Developing tools to translate sign language into text or voice to help nondeaf and dumb individuals communicate is crucial. Many sign language recognition systems are based on Indian, Japanese, British, Brazilian, Chinese, Australian, and American sign languages [1930]. However, sign language research has also focused on Asian [31], English, Turkish [32], and German sign languages [33], as well as Arabic, albeit without achieving the desired results in terms of system performance. Unfortunately, no sign language is universal. The alphabet, where each letter has its own symbol, varies by nation and language. Researchers may not have a reliable ArSL database because the Arabic language is complicated. Researchers had to create datasets manually, which is cumbersome. Table 1 provides further information on several international sign languages.

Sign language recognition systems automate communication between hearing-impaired people and ordinary people [48], and ArSL recognition detects and classifies. The detection phase preprocesses images, finds interesting areas, and classifies them. Recognition uses each segmented hand sign’s characteristics. These traits may distinguish indications. Each study has cost, image preprocessing, and sign classification restrictions [49, 50]. To understand ArSL, a deep convolutional neural network is fed hand motion images from different angles and lighting.

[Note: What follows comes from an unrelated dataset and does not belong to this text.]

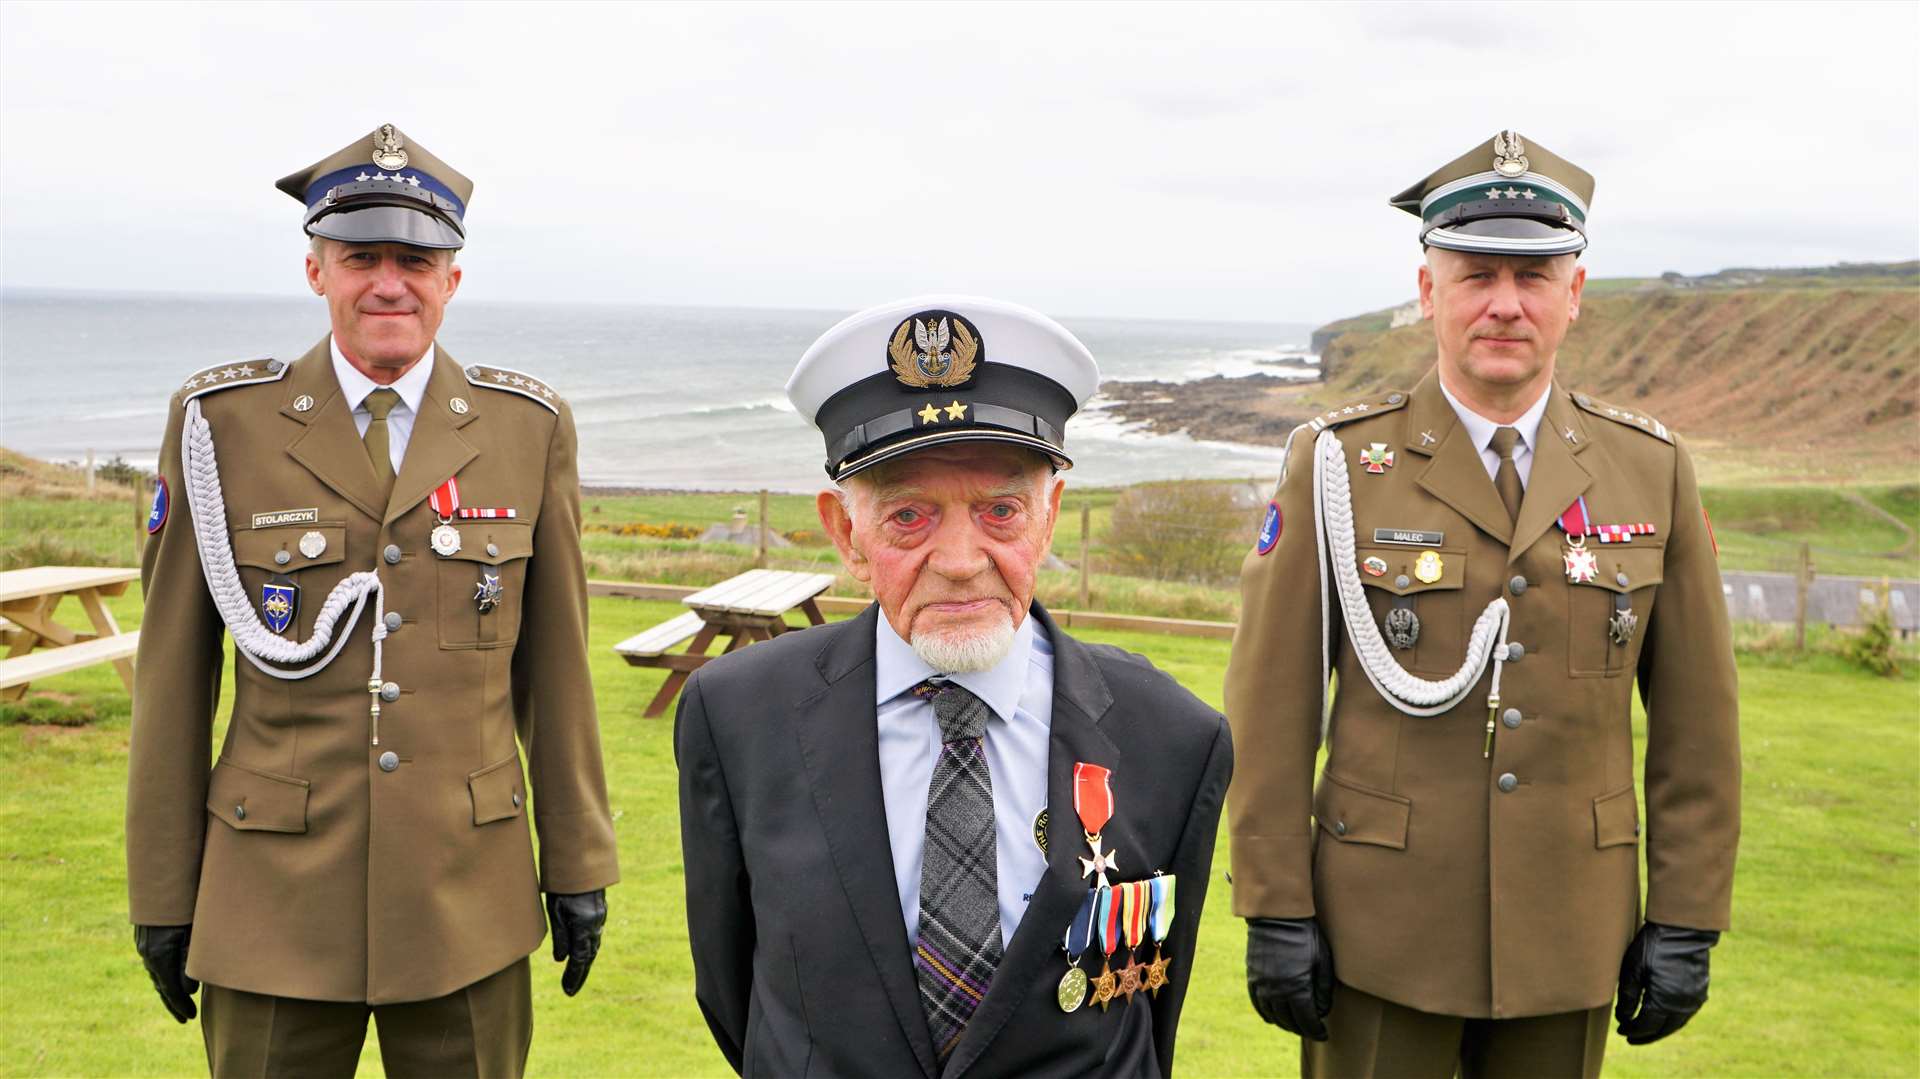 In 2021, Richard Polanski was awarded a special promotion from the Polish President Andrzej Duda, given on his behalf by the embassy staff. From left, Polish defence attaché Colonel Mieczysław Malec, Richard Polanski wearing his honorary naval hat, and Polish warrant officer Krzysztof Stolarczyk. Picture: DGS

A substantial collection of sign language videos or images tagged with sign language labels is required to construct an ArSL recognition system. Classification-stage machine learning models may be trained and tested on this dataset. Figure 2 depicts two possible methods of data collection for ArSL recognition: (1) a vision-based approach and (2) a sensor-based approach [2].

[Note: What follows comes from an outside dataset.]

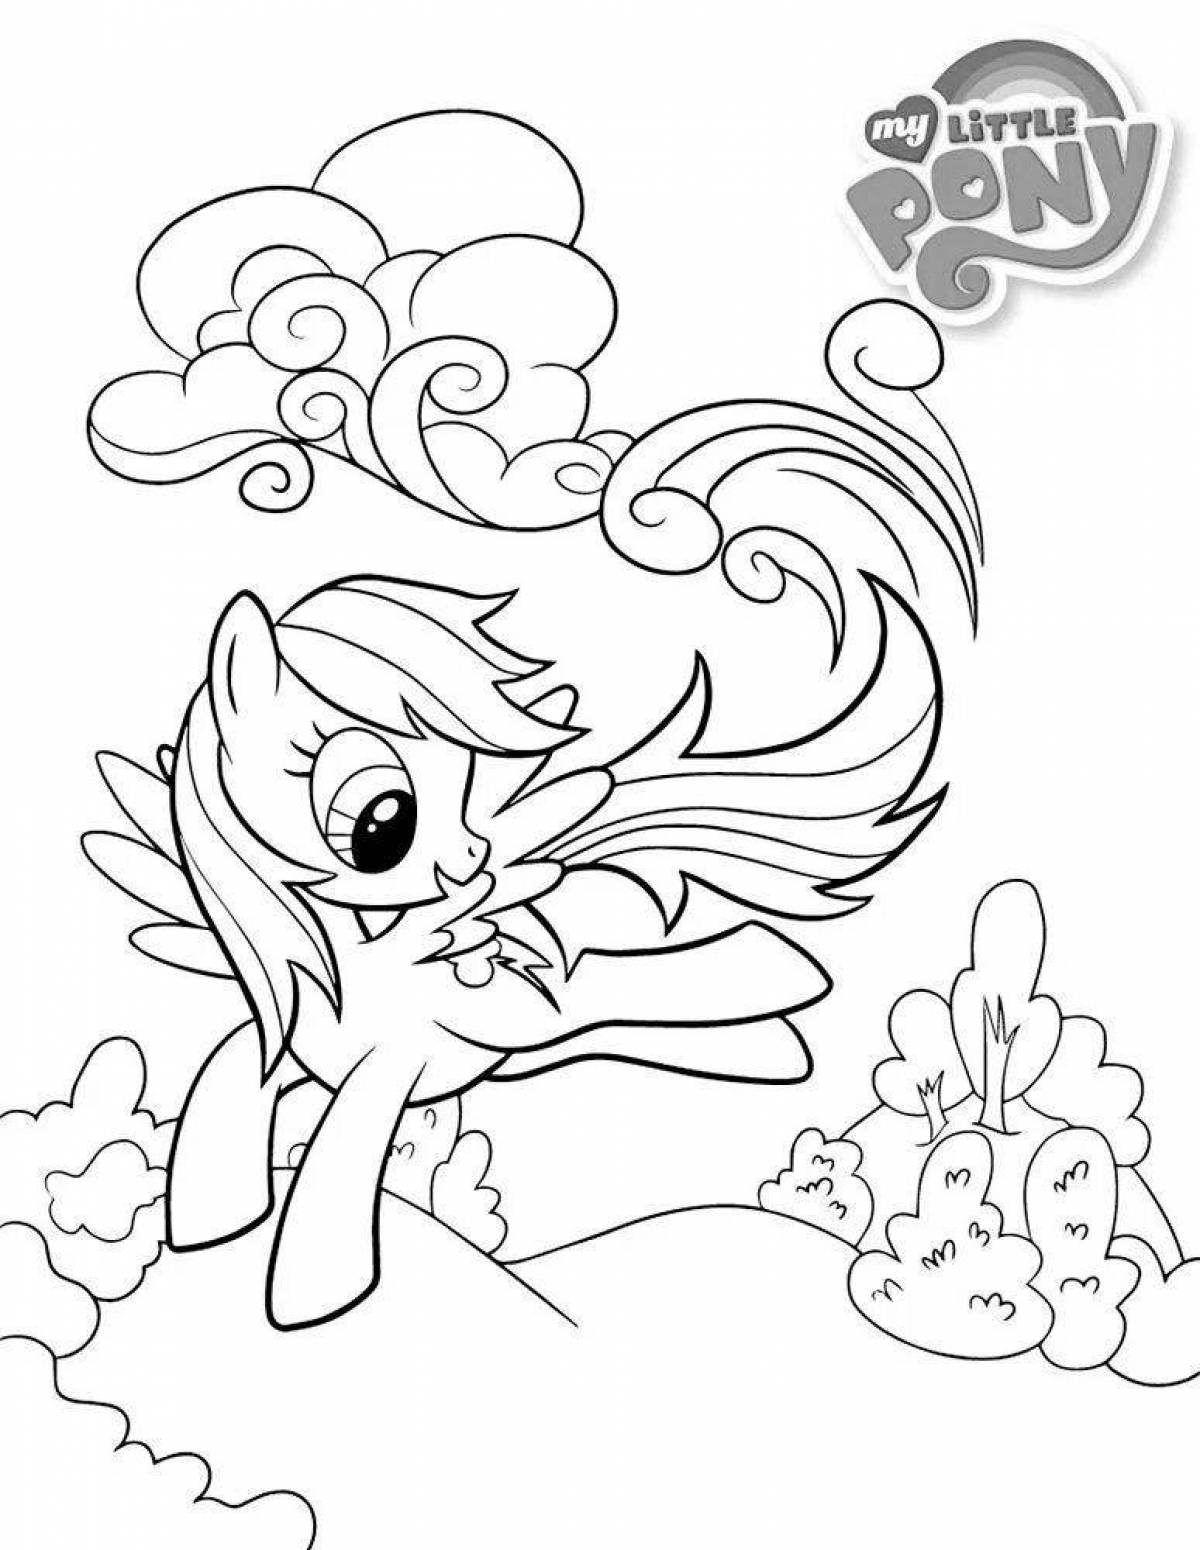 Blooming my little pony rainbow coloring page

Using computer vision methods, a vision-based approach to ArSL recognition analyzes and interprets sign language motions from image or video data. Gestural detection, feature extraction, and classification are only a few of the common intermediate phases in this process. To detect gestures, images or videos must be analyzed to identify and follow the hands or other important body components. Methods including skin color segmentation, hand form classification, and optical flow analysis may do this. After the hands and other important portions of the body have been recognized, feature extraction methods are employed to glean information from the video data, such as the hands’ shape, motion, and orientation. This may be accomplished through the utilization of techniques such as CNNs, the histogram of oriented gradients (HOG), and local binary patterns (LBPs). Finally, the obtained data are used by machine-learning methods including support vector machines (SVMs), decision trees (DTs), and artificial neural networks (ANNs) to classify the sign language gesture [4].

Using a vision-based technique for ArSL detection is complicated by the fact that sign language motions may seem quite different depending on the signer and the situation. Methods including data augmentation, multimodal fusion, and transfer learning, which may boost the recognition system’s resilience and generalizability, have been investigated by researchers as potential solutions to this problem [2].

Using sensors to detect and record information about sign language motions is at the heart of the sensor-based method to ArSL recognition. There are a number of benefits and drawbacks to using this method instead of or in addition to vision-based methods. In low-light or obstructed environments, for example, sensor data may be more trustworthy than that obtained using vision-based methods. Sensors can record data that the human eye cannot, such as pressure, force, or electromyography (EMG) signals [52].

There are two primary types of systems: the first kind of system [52] is based on gloves, while the second type of system [7] is based on Microsoft Kinect. Gloves [52] may be used in systems that read hand gestures because they include electronic and mechanical components. In spite of the fact that this method may generate satisfactory outcomes [53], wearing a glove that is attached to a variety of sensors in order to collect information may be unpleasant for signers who have hearing or speech impairments. Kinect sensors are put to use in order to identify the indicators that fall into the second group. These sensor devices are first developed by Microsoft for its Xbox game as an alternative to using a controller to play video games [54]. Recently, the application of this technology has expanded to encompass additional recognition technologies, such as the capability to identify sign language. The current trend is predicted to continue for the immediate future.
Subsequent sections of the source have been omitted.